El encuentro con Sebastián había sido casual: una larga espera para pagar boletas de servicios.
El abrazo fuerte y la conversación llana, sin obstáculos ni protocolos previos a la intimidad.
Uno a uno, fuimos pasando revista a la vida de sus hermanos. ¡Sólo uno tranquilo, con una
vida serena, sin apuros económicos, con felicidad! Aquel al que no crió su padre, sino un tío
que lo llevó a su casa. El que pudo apartarse de sus mil historias de infidelidad, en las que
todos los demás hermanos quedaron enredados. Algunos, hasta ya muy entrada la vida; otros,
seguramente para siempre. No hablamos del que murió. No me di cuenta en ese momento, no
sé por qué. No sé porqué no hablamos de Francisco y su trágica muerte.
― ¿Y Pedro? ¿Cómo anda? ― le pregunté, sin ansiedad, tal vez porque jamás fue para mí el
amor.
― ¡Bien! Anda muy bien.
― ¿Cuántos hijos tiene? ¡Deben ser como cinco o seis, me imagino!
Sebastián se rió, como si viniera de largos caminos sin asombro: ― ¡No! Creo que son once ya.
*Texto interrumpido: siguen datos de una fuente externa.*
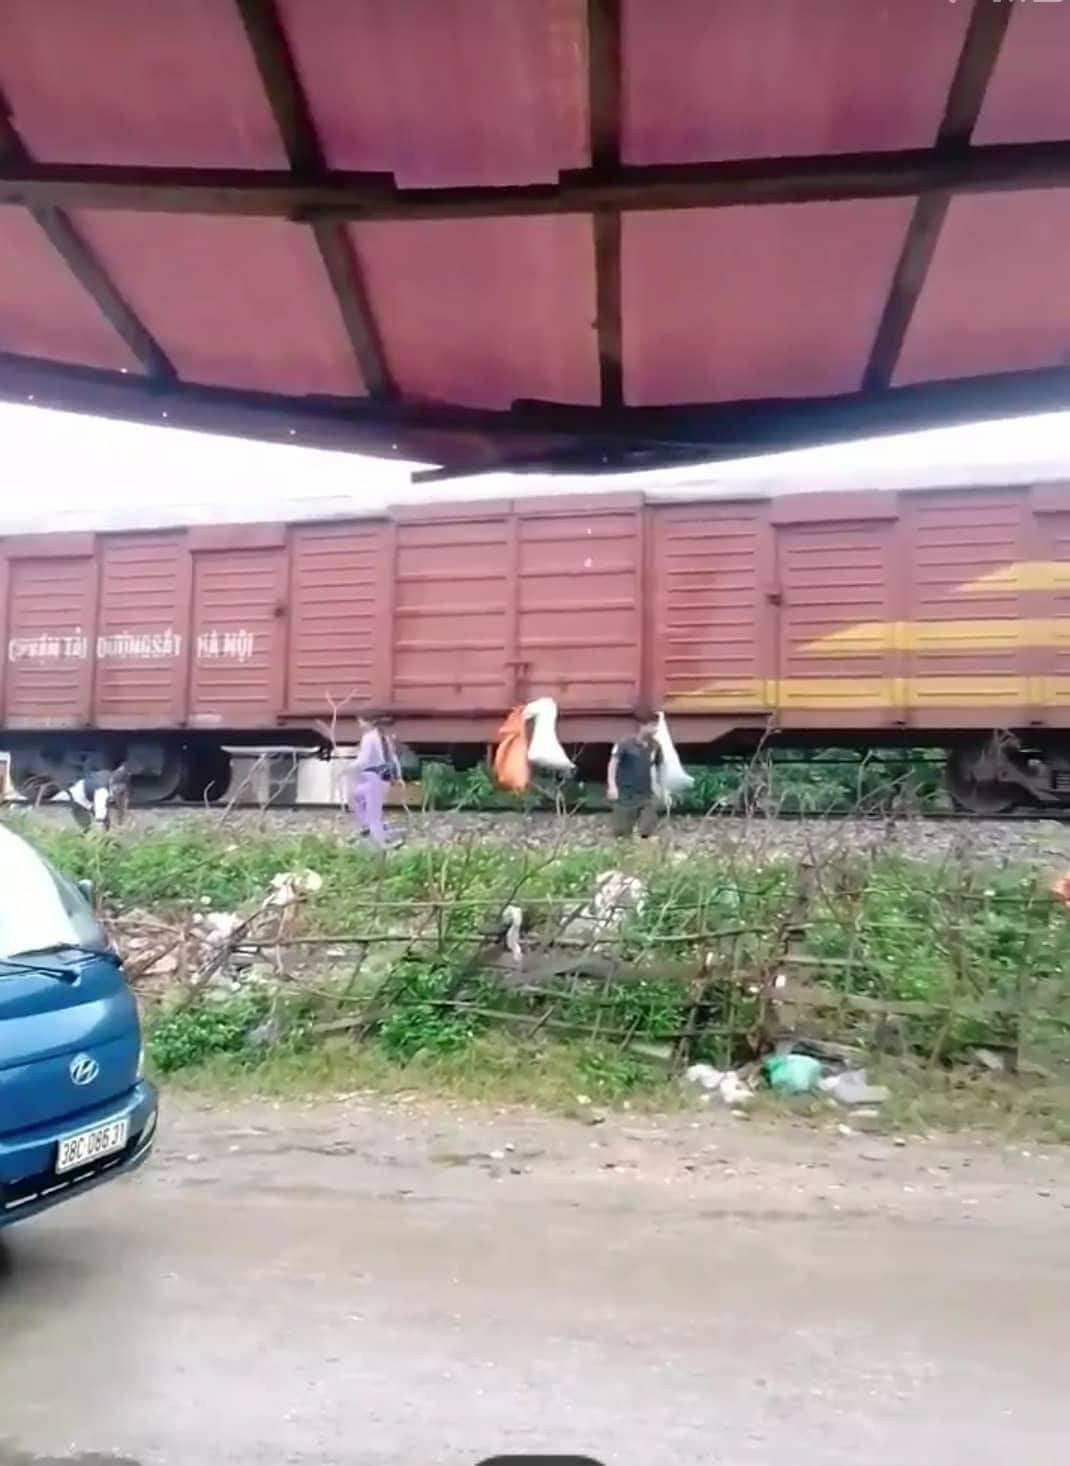 Locals hang their bags of trash on the train at Huong Pho Station.

― ¡Once! ―creo que, incluso viniendo de Pedro y sus mil historias de mujeres, me asombró―
¿Cómo hace para mantenerlos?
― ¡Es que ese es el problema! Pero vos sabés cómo es Pedro. Todos lo quieren en su trabajo,
la gente siempre se lleva bien con él.
Sí, yo conocía de miles de maneras la fascinación que Pedro ejercía sobre la gente en general y
sobre las mujeres en particular. La sonrisa permanente, la docilidad frente a las iniciativas de
otros, la disposición para ayudarte en cualquier asunto concreto. Hasta había llegado a ver
jefes ásperos, de una dureza que colindaba con la crueldad, sucumbir frente a su delicadeza y
su sentido de la fragilidad humana. Porque ese era uno de los componentes de su magia:
conocía la fragilidad y no mentía en los gestos concretos. Jamás dudaba en ayudar a alguien:
un niño sin zapatillas, un automovilista tirado en la ruta con su auto averiado, una anciana
enferma, un pariente, un amigo, un desconocido. Allí donde había fragilidad y necesidad,
Pedro tendía sus manos y su sonrisa. Nadie lograba odiarlo; su ternura se metía en el alma de
cualquiera. Porque de una extraña manera, su ternura hacia los hombres y sus debilidades era
verdad.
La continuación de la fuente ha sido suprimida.